A wire of resistance `20Omega` is stretched to thrice its original length.
What is the change in the resistivity of the wire?

To solve the problem, we need to understand the relationship between resistance, resistivity, length, and area of a wire. The resistance \( R \) of a wire is given by the formula: \[ R = \frac{\rho L}{A} \] Where: - \( R \) is the resistance, - \( \rho \) is the resistivity, - \( L \) is the length of the wire, - \( A \) is the cross-sectional area of the wire. ### Step 1: Understand the given data We are given: - Initial resistance \( R = 20 \, \Omega \) - The wire is stretched to three times its original length, so if the original length is \( L \), the new length \( L' = 3L \). ### Step 2: Analyze the effect of stretching on dimensions When a wire is stretched to three times its original length, its volume remains constant.
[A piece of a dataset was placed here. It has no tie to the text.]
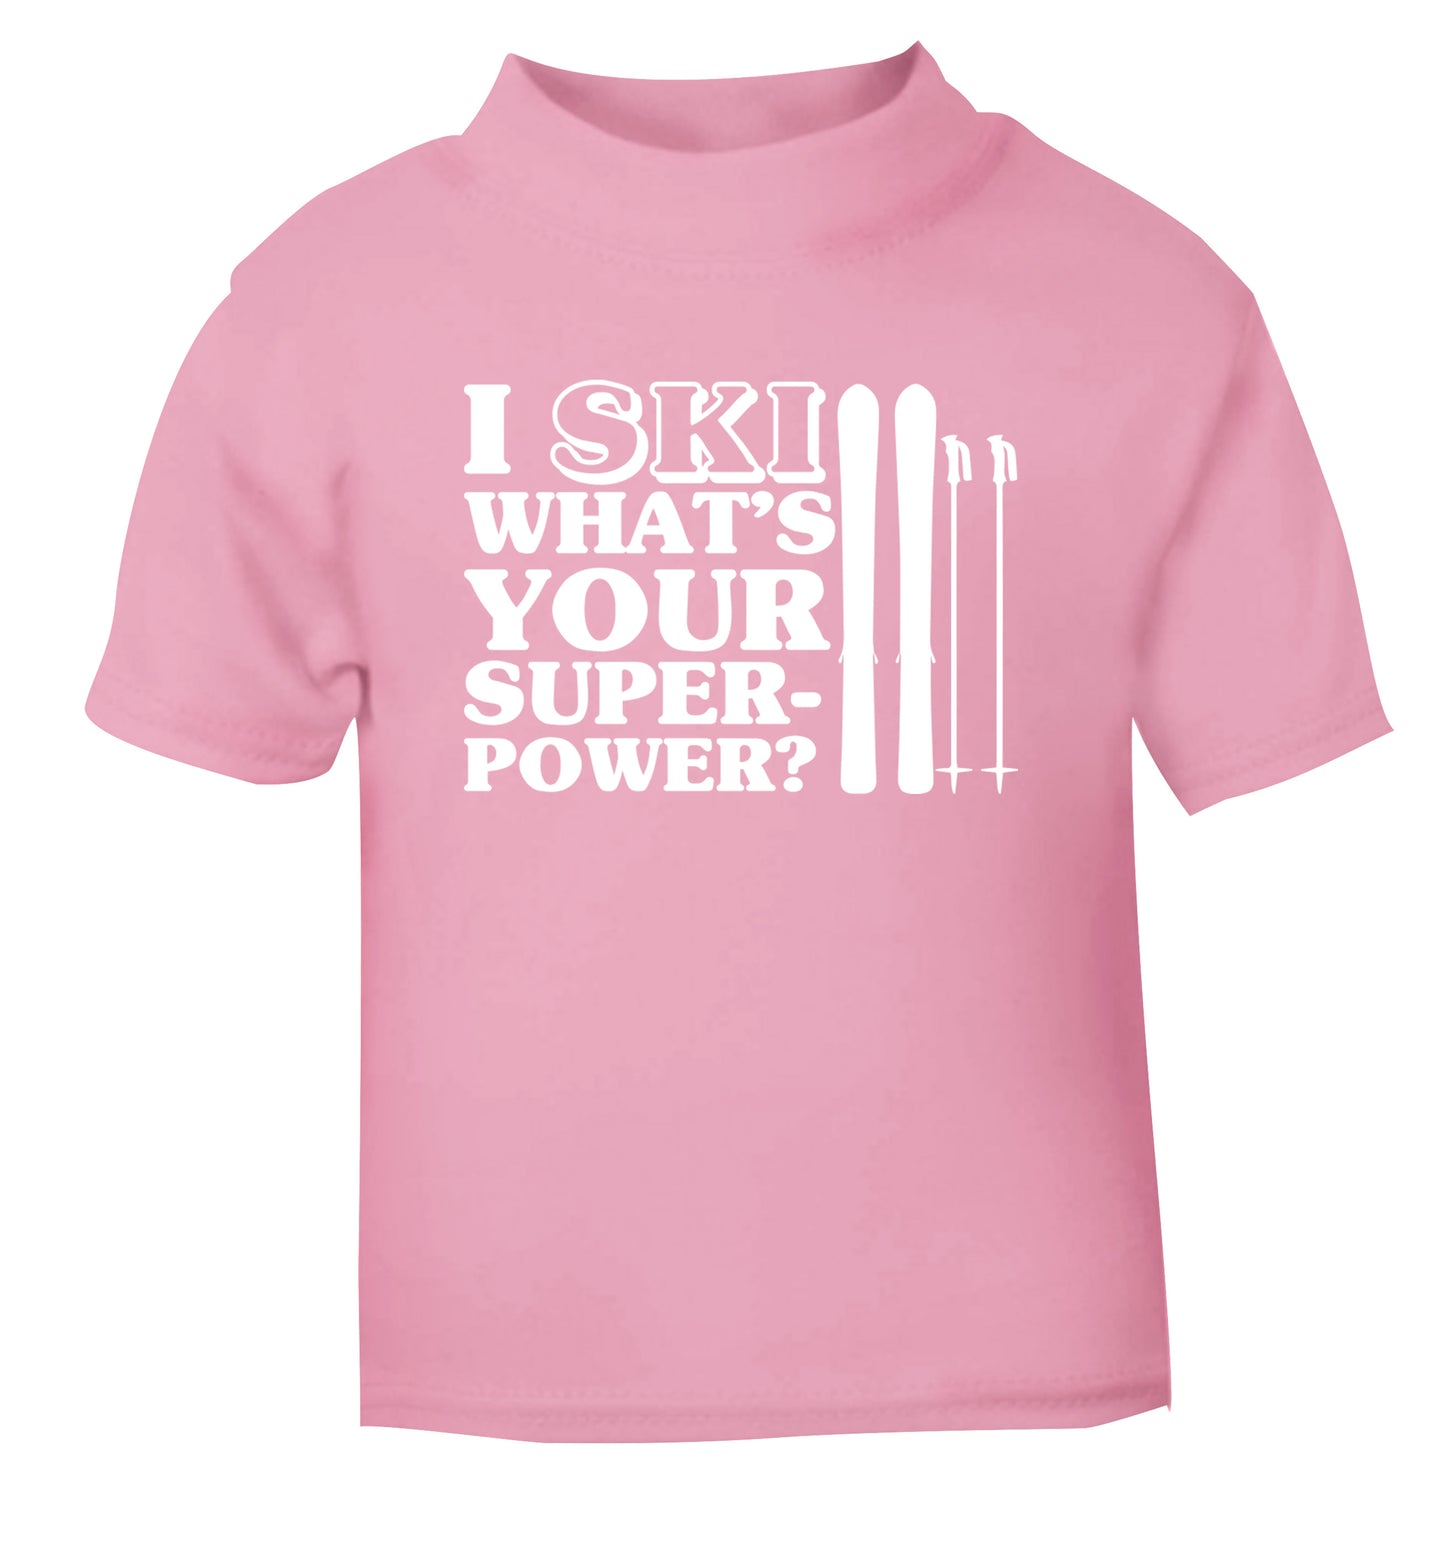 I ski what's your superpower? light pink Baby Toddler Tshirt 2 Years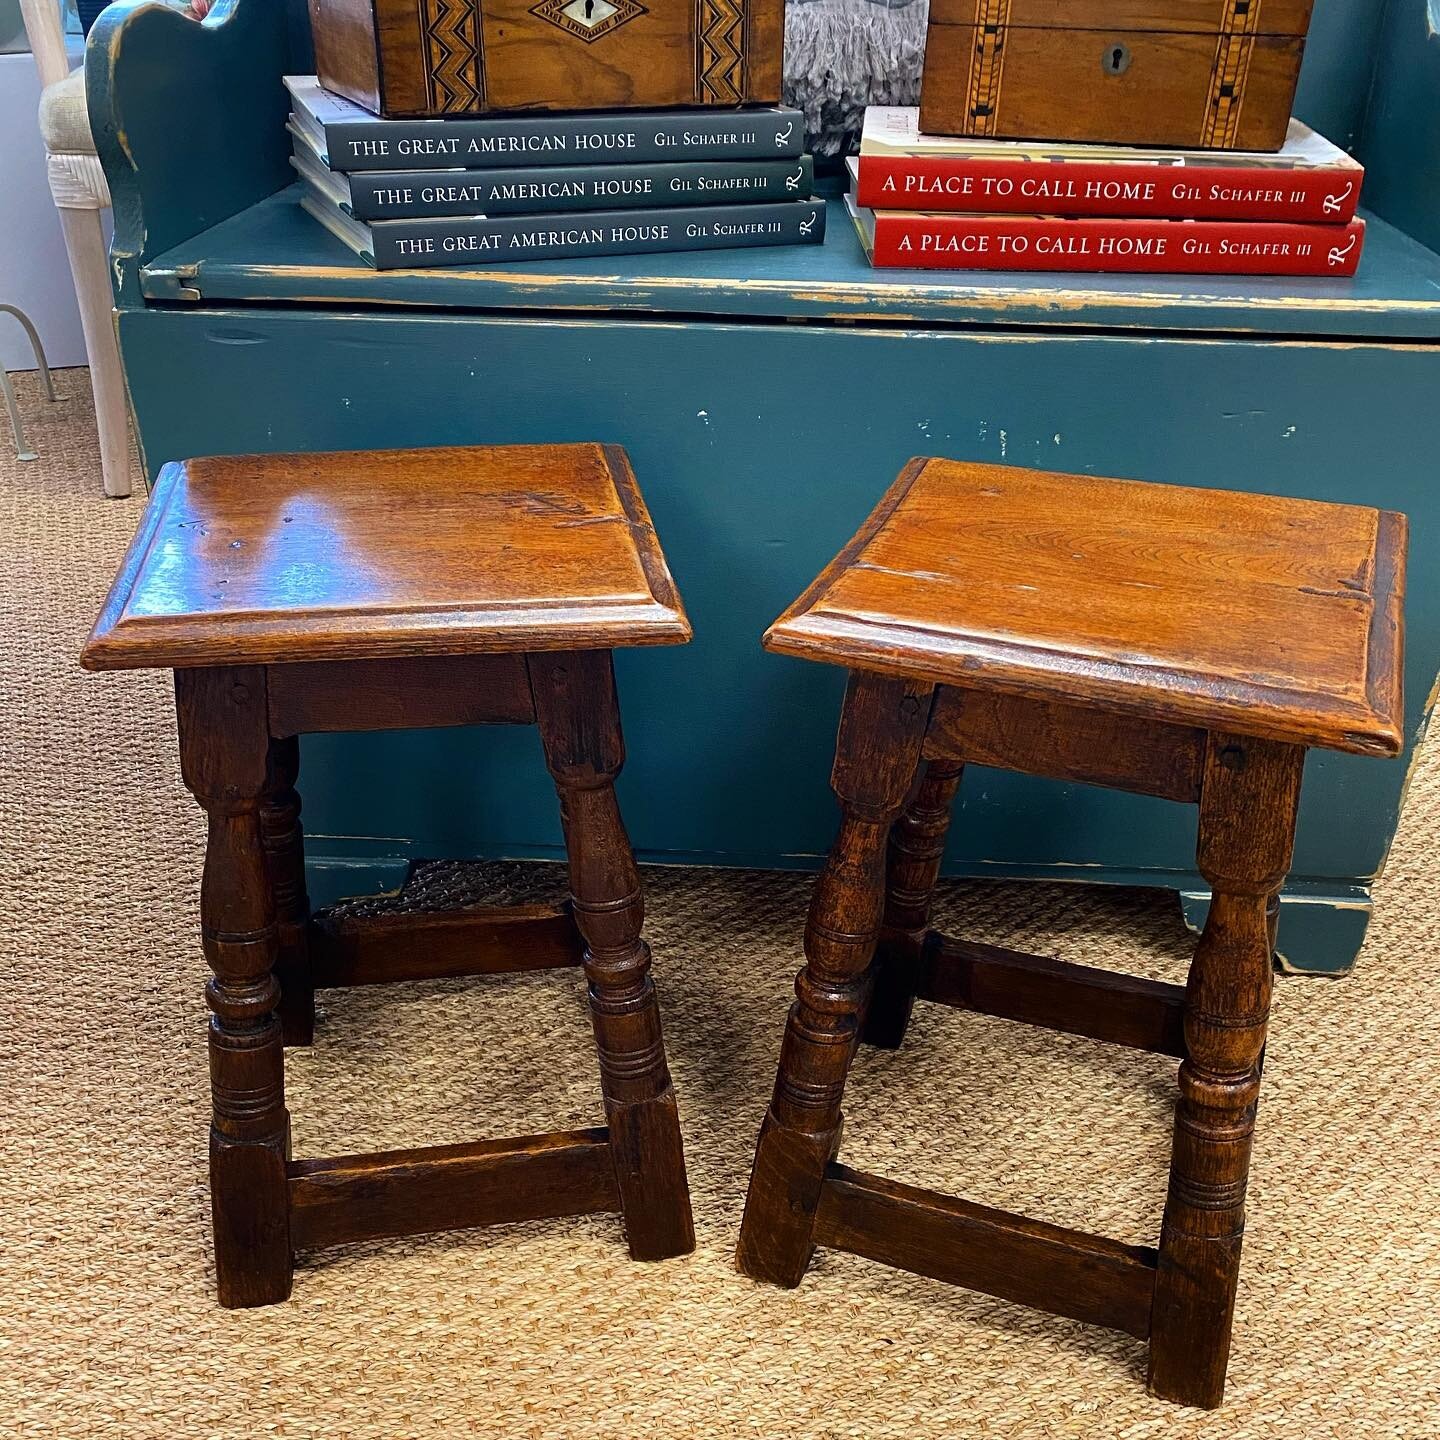 From our NEW SHIPMENT&hellip;Love these little Antique Joint Stools.  DM @westendaugusta or text/call 706-830-9641 for further info. #antiques #antiquedealersofinstagram #jointstool #antiquejointstool

The volume \( V \) of the wire can be expressed as: \[ V = A \cdot L \] After stretching, the new volume \( V' \) is: \[ V' = A' \cdot L' = A' \cdot (3L) \] Since the volume remains constant, we can equate the two volumes: \[ A \cdot L = A' \cdot (3L) \] ### Step 3: Solve for the new area From the equation above, we can simplify to find the new area \( A' \): \[ A' = \frac{A}{3} \] ### Step 4: Calculate the new resistance Now, we can find the new resistance \( R' \) using the new length and area: \[ R' = \frac{\rho L'}{A'} = \frac{\rho (3L)}{(A/3)} = \frac{3\rho L \cdot 3}{A} = 9 \cdot \frac{\rho L}{A} = 9R \] Since the original resistance \( R = 20 \, \Omega \), the new resistance \( R' \) becomes: \[ R' = 9 \cdot 20 = 180 \, \Omega \] ### Step 5: Determine the change in resistivity However, resistivity \( \rho \) is a property of the material and does not change with the dimensions of the wire. Therefore, despite the changes in length and area, the resistivity remains constant. ### Conclusion The change in resistivity of the wire is: \[ \Delta \rho = 0 \]